The experimental setup for direct certification of quantum non-Gaussianity of a single-photon detector is shown in Fig. 2. Nanosecond optical pulses with the central wavelength of 0.8 $\mu$m are produced by a gain-switched semiconductor laser diode driven by an electronic pulser at a repetition rate of 1 MHz. The pulser drives also an auxiliary laser diode emulating noise of the detector under test, and provides an electronic trigger signal. The train of coherent laser pulses is attenuated and focused on rotating ground glass (RGG); the output is collected by a single-mode fiber to produce pseudo-thermal light with Bose-Einstein distribution Martienssen and Spiller (1964). Let us stress that other single-mode thermal sources can be used here, such as direct intensity modulation Straka et al. (2018b) or thermal emission from atomic ensembles Mika et al. (2018). The photodistribution of the generated thermal light and its mean photon number $\bar{n}$ per pulse is verified by a spatially multiplexed photon-number-resolving detector (PNRD) Hloušek et al. (2019).

The PNRD consists of cascaded tunable beam splitters composed of a half-wave plate (HWP) and a polarizing beam splitter (PBS), which allow for accurate balancing of the output ports. The whole network works as a 1-to-$10$ splitter balanced with the absolute error below $0.3\%$. To measure the multiplexed signal we use SPADs with the typical efficiency ranging from 55 to 70%, 250 ps timing jitter, and 25 ns recovery time.

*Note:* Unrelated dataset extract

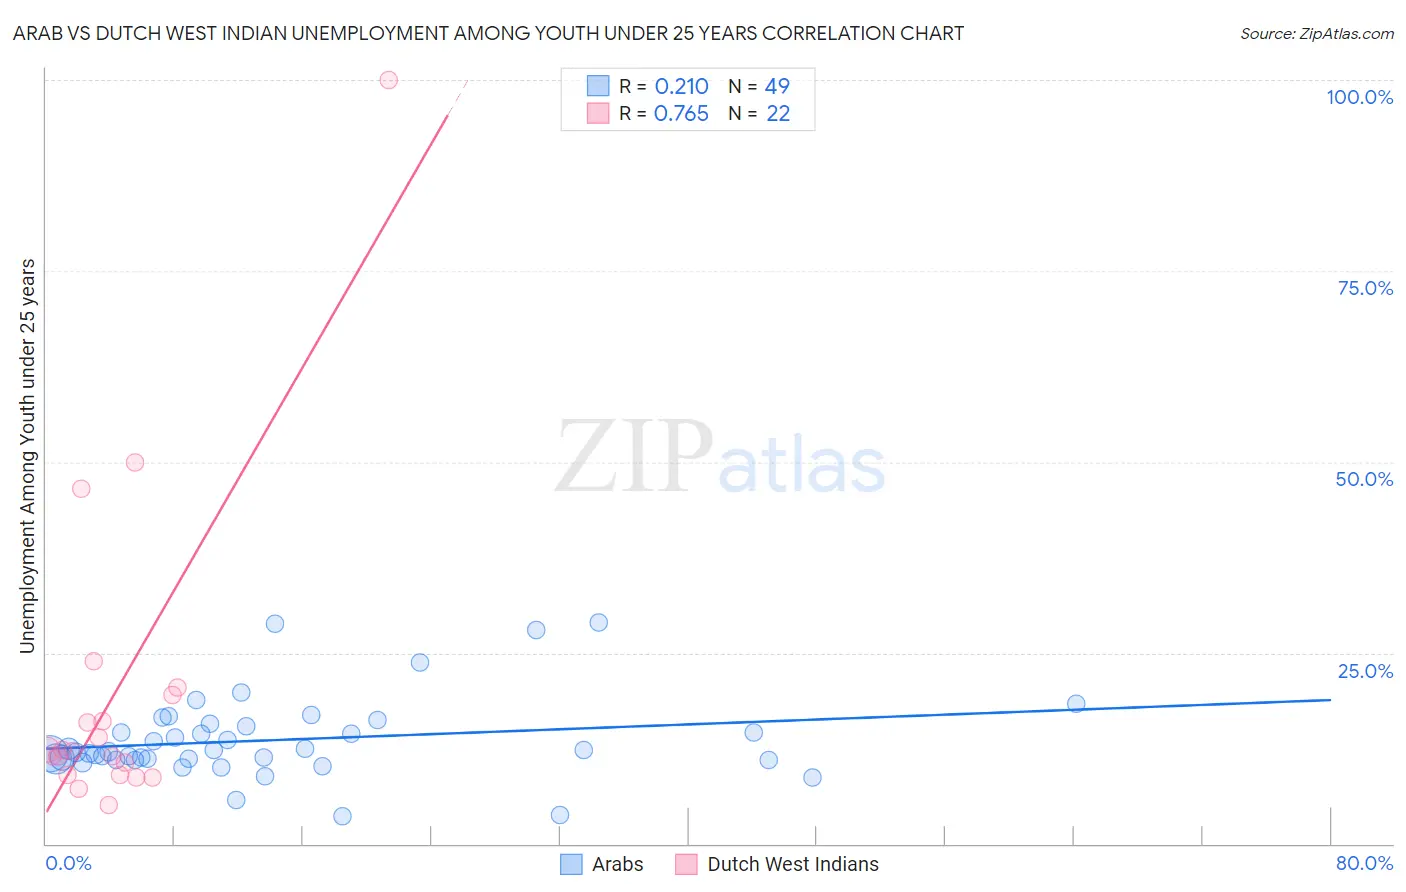 Arab vs Dutch West Indian Unemployment Among Youth under 25 years

The total detection efficiency of 50(1)% is determined based on measured transmittance of the network and SPAD efficiencies specified by the manufacturer. For independent verification of the efficiency an absolute method using correlated photons can be used Polyakov and Migdall (2007); Cohen et al. (2018). The electronic outputs of the SPADs are processed by a custom coincidence unit (CCU) while keeping the individual channels synchronized to the trigger. The emitter-coupled logic circuitry of the coincidence unit consists of fast comparators, delay lines and basic gates, and achieves 10 ps timing resolution and 20 ps overall jitter Hloušek et al. (2020). The single-run output of the unit is stored in flip-flop gates and is read by a microcontroller and sorted in a coincidence histogram for repeated measurements. For the presented experiment the histogram is reduced to just 11 elements corresponding to coincidence clicks of $D$ detectors, with $0\leq D\leq 10$. The photon-number statistics of the optical signal is retrieved from the measured coincidence histogram using the expectation-maximization-entropy algorithm Hloušek et al. (2019). The measured photon-number statistics matches very well to the ideal Bose-Einstein statistics with the typical fidelity of 0.999, and the mean photon number $\bar{n}$ is accurately determined.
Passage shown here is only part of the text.